Sienna laughed, a genuine one and not one of the for-show ones from last night, and set down her toast before sliding off her stool. “I might have some experience with pesky remotes. I can try.”
“Okay!” He wiggled again, his legs kicking out on either side of my body—his way of requesting being put down—and I let him slide down my body before his little feet landed square on the floor.
He clutched his banana in one hand and rounded the corner of the breakfast bar, taking her hand in his other like it was the most casual thing in the world.
“It was on T-Rex Time Jam and then it stopped and now it’s on boring people. ”
“Tragic,” she said with a completely straight face, letting him lead her toward the living room. “We can’t let that stand.”
I watched them go, my son chattering non-stop and Sienna wholeheartedly listening like every word was important, and tried not to let the itching feeling in the back of my head take over at all.
————
The sun burned harsh and golden overhead, filtered through palm trees swaying and the occasional cloud.

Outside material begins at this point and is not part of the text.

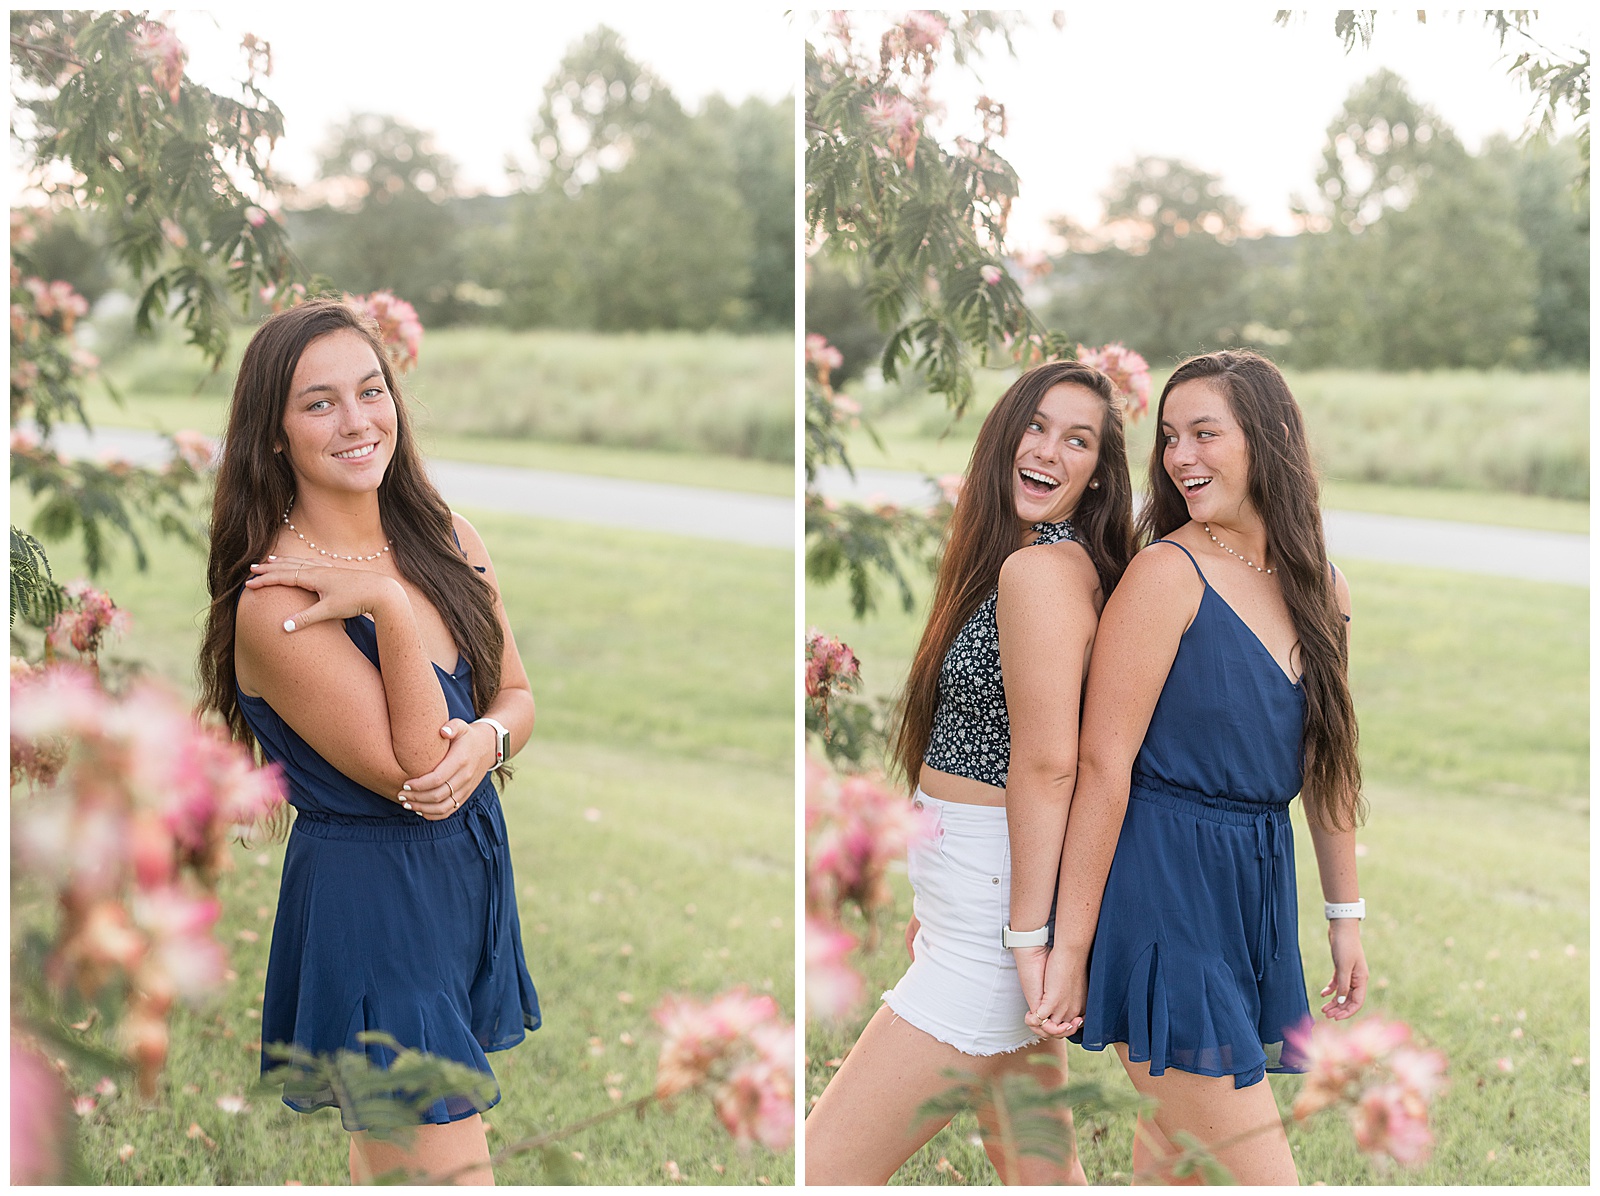 girls back to back looking at each other smiling by trees and flowers on summer evening

The villa’s private pool sat beneath a pergola covered in vines and white gauzy curtains that fluttered in the soft breeze, and Zach splashed happily in the shallow end, his floaties strapped to both arms, squealing every time he managed to send a wave high enough to hit the tiled edge.
Poor kid didn’t get to play in a pool nearly as much as he wanted to.
I made a mental note to get a quote on getting one installed at home as I sat back in the lounger, sunglasses on, some kind of fruity mixed drink in my hand that Sienna had insisted on making a batch of after her massage for “sun time.”
Zach started to inch his way toward the deeper end, one hand trailing along the edge of the pool like that somehow made it safer, and my stomach knotted.
“Hey, bud,” I called, sitting up a little. “Let’s stay in the shallow end, okay?”
His head flopped back in exasperation. “But I got floaties ,” he whined. “I won’t sink.”